Изменить размер шрифта - +
Про такие еще говорят: «It looks old and feels old», потому что в дополнение к тактильной иллюзии факсимильный документ пахнет лежалыми пряностями. Почти как настоящий. Правда, договор на покупку Манхэттена, стилизованный под древность, написан на английском языке, тогда как оригинал был на голландском. Так что, строго говоря, это не факсимиле, а – позволю себе такой неологизм – «факдиверсо». Как в рассказе Хайнлайна или Азимова, создается впечатление, что ты попал в некий пространственно-временной туман, в котором перепутываются столетия. Именно это происходит в одном из музеев восковых фигур калифорнийского побережья, когда мы видим в кафе в стиле Брайтон Марина за одним столиком Моцарта и Карузо, и Хемингуэя, стоящего у них за спиной, в то время как за другим столиком Шекспир беседует с Бетховеном, чашечка кофе в руке.

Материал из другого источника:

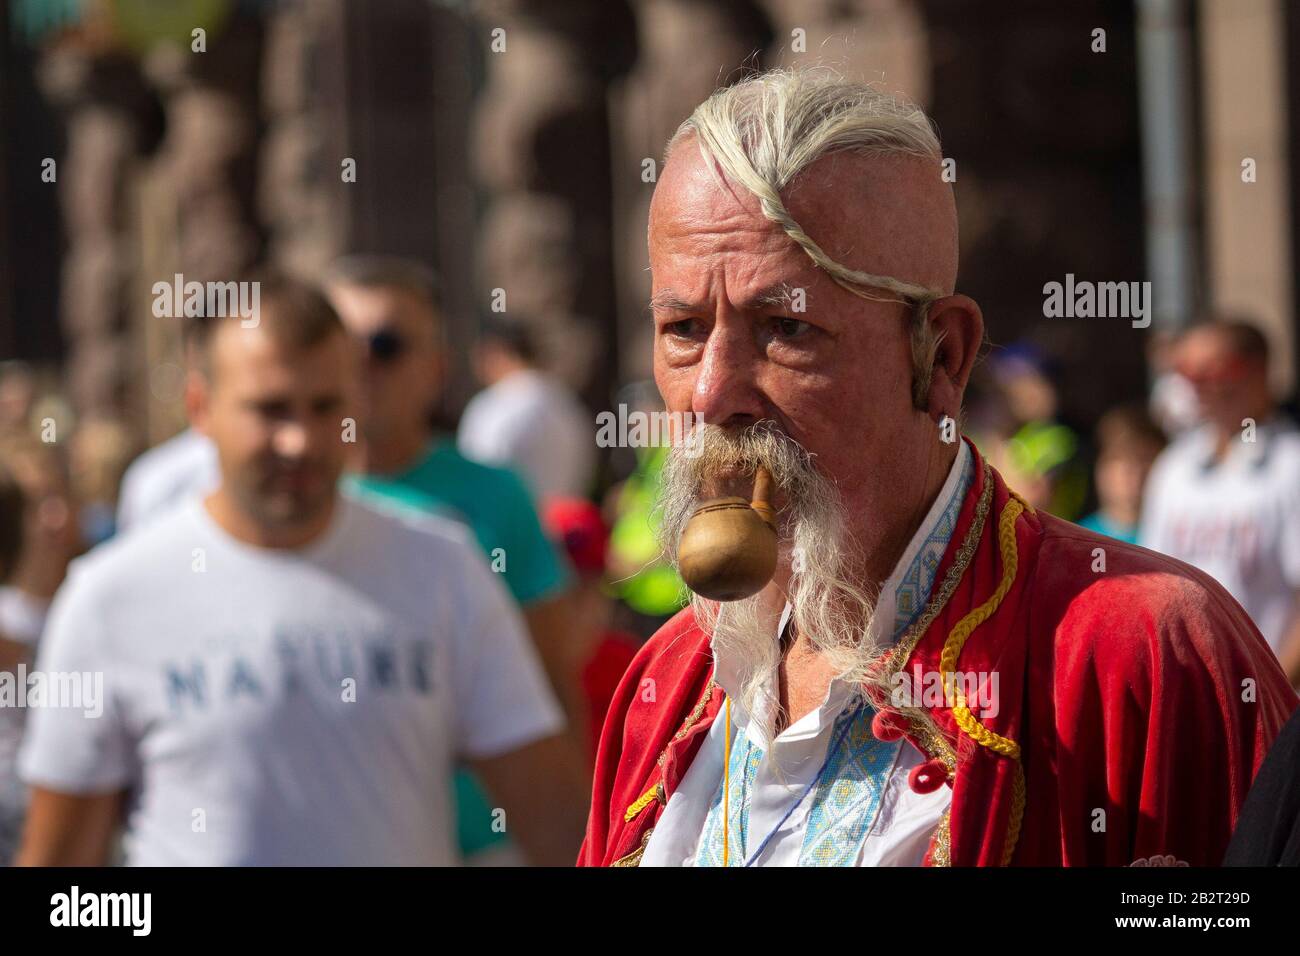 Kiev, Ukraine - August 24, 2019: Elderly man in a historical costume during the celebration of Cossack Independence Day of Ukraine on Khreschatyk Stre Stock Photo

С другой стороны, в деревне Олд-Бетпэйдж на Лонг-Айленде реконструируют ферму начала девятнадцатого века: это значит, с настоящими домашними животными, какие были в то время. И оказывается, что с тех пор овцы в результате хитроумных скрещиваний претерпели любопытную эволюцию: раньше у них была черная морда без шерсти, а сейчас белая морда, покрытая шерстью, и, очевидно, что этой шерсти они дают куда больше. Заинтересованные экологи-археологи работают над тем, чтобы снова вывести старый вид и добиться «evolution retrogression». Но Национальная ассоциация животноводов заявляет решительный протест этому оскорблению зоотехнического прогресса. Создается прецедент: поборники движения вперед против тех, кто шел вперед, а теперь отступает назад. И неизвестно, кто из них больше мечтатель, а кто – настоящий фальсификатор природы. Что же до войны за «real thing», наше путешествие здесь не заканчивается: «more to come!»

 

Вертепы Сатаны

 

Всех персонажей в любом музее восковых фигур в Европе мы знаем: от Юлия Цезаря до папы Иоанна XXIII, в различной обстановке, «живые» и говорящие. Как правило, обстановка эта неказистая, а они сами всегда скромны и невзыскательны. Их американские коллеги крикливы и агрессивны, они бросаются на вас рекламными щитами на шоссе за несколько миль до места, издалека заявляют о себе яркими вывесками, крутящимися башнями, пучками света в темноте. С самого начала они предупреждают, что это будет один из самых захватывающих моментов в вашей жизни, комментируют различные сцены длинными пояснениями как нечто сенсационное, смешивают в кучу историческую реконструкцию, религиозный экстаз, преклонение перед звездами кинематографа, сюжеты известных сказок и приключенческих историй; выпячивают ужасы, кровищу, заботятся о достоверности до реконструктивного невроза. В городе Буэна-Парк, штат Калифорния, в Movieland Wax Museum, Джин Харлоу, лежащая на канапе, хранит на своем комоде экземпляры журналов того времени, а на стенах комнаты, в которой живет бродяга Чарли, будут висеть афиши начала века. Все сцены разворачиваются в полном continuum, по возможности в темноте, и так, чтобы между восковыми фигурами исключалось пустое пространство, но создавалось нечто вроде соединительной ткани, усиливающей впечатление: обычно это зеркала, так что справа вы видите разрывающего могилу Дракулу, а слева – свое лицо рядом с отражением Дракулы; временами мелькают фигуры Джека Потрошителя или Иисуса, возникающие в процессе игры ловко повернутых углов, кривых и перспектив, и вот вам уже трудно отделить реальность от иллюзии. Иногда подойдешь поближе, очарованный сценой, к персонажу, силуэт которого виднеется в глубине старого кладбища, и вдруг обнаружишь, что этот персонаж – ты сам, а кладбище – это отражение следующей сцены, рассказывающей душераздирающую историю о расхитителях гробниц в Париже во второй половине XIX века.

Movieland Wax Museum переносит вас в заснеженную степь, по которой едут в санях доктор Живаго и Лара, но, чтобы добраться туда, вам придется пройти через избу, куда влюбленные направляются жить и на полу которой через дырявую крышу намело целый сугроб снега.